As for expectations, TWTR had a lot of news last month, starting with the Oct 5th resolution to their CEO search where (despite some external concerns) the board agreed to re-tap co-founder Jack Dorsey as CEO while he retains his role as CEO of online payments company Square that is currently preparing for an IPO. The company also announced that former Google exec Omid Kordestani would join as Chairman. Dorsey got to work fairly quickly with a workforce reduction and the launch of Moments, which is a feature that the company hopes will dramatically assists user engagement.
So investor sentiment went from downright disastrous in September to possibly a tad too optimistic for material improvement in the metrics that mean the most to Wall Street. I would say though that if you have been long the stock for most of the year as we have, there should be little by way of disappointment that should not be expected in forward guidance, as it makes perfect sense that the new management team would set expectations that they know they can beat. So unless forward guidance is far worse than the low end of expectations, then I see little reason why investors would hate sell shares on a weak quarter and guidance.

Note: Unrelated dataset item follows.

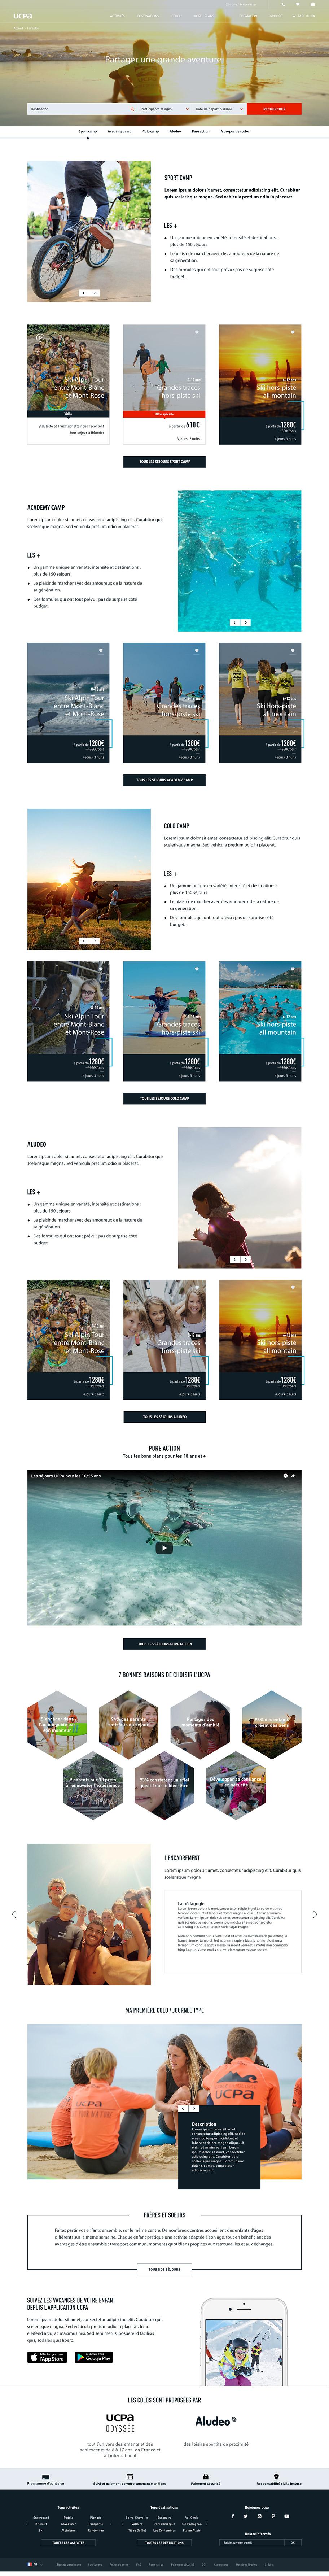 UCPA - Site e-commerce homepage mineurs

Potential Trades: Last week in a post titled $TWTR – It’s just Bird to me I expanded on a bullish mention from Barron’s that highlighted put sales as a way to express a bullish view. Here was my take at the time when the stock was in the same spot:
I am long the stock. One strategy I’d consider to add leverage to my existing long (if I thought the worst was behind TWTR and that next week’s earnings event could serve as an explosive positive catalyst) would be a bullish risk reversal. This strategy includes a put sale as Sears’ suggests, but using the proceeds of the put sale to buy an upside call. For instance as of Friday’s close you could sell the Nov 27 put at 85 cents and use the proceeds to buy the Nov 36 call for 85 cents. On Nov expiration there are no gains or losses between $27 and $36, losses as if long stock below $27 (down 13%) and gains above $36 (up 15%) as if long stock. This is a low conviction bullish leverage overlay, but it’s a matter of how much risk a long holder is willing to add to an existing long into a potentially volatile event (to increase the probability of long participation one would need to tighten strikes closer to existing stock price are pay for the trade structure).
For long holders who fear a sharp decline, similar to what the stock has done on 5 of its 7 quarterly reports as public company, they might consider collars where the holder would sell an upside call and use the proceeds to buy a put or a put spread. This structure offers upside participation, depending on how tight the put or the put spread is also offers some potential losses but protection at a certain point. A holder would do this if they don’t want to sell but are willing to give up some potential upside for some protection. The Dec 38/25 risk reversal is trading at a slight credit (buy the Dec 25 puts, sell the Dec 38 calls) and fits this bill although the protection doesn’t kick in until near the recent lows. But that works if as disaster protection while still allowing for upside.
Those considering outright long exposure, but with defined risk, the Dec 30/40 call spread costs around $3. That will behave like stock between $33 and $40 but limiting your risk to 10% of the stock price.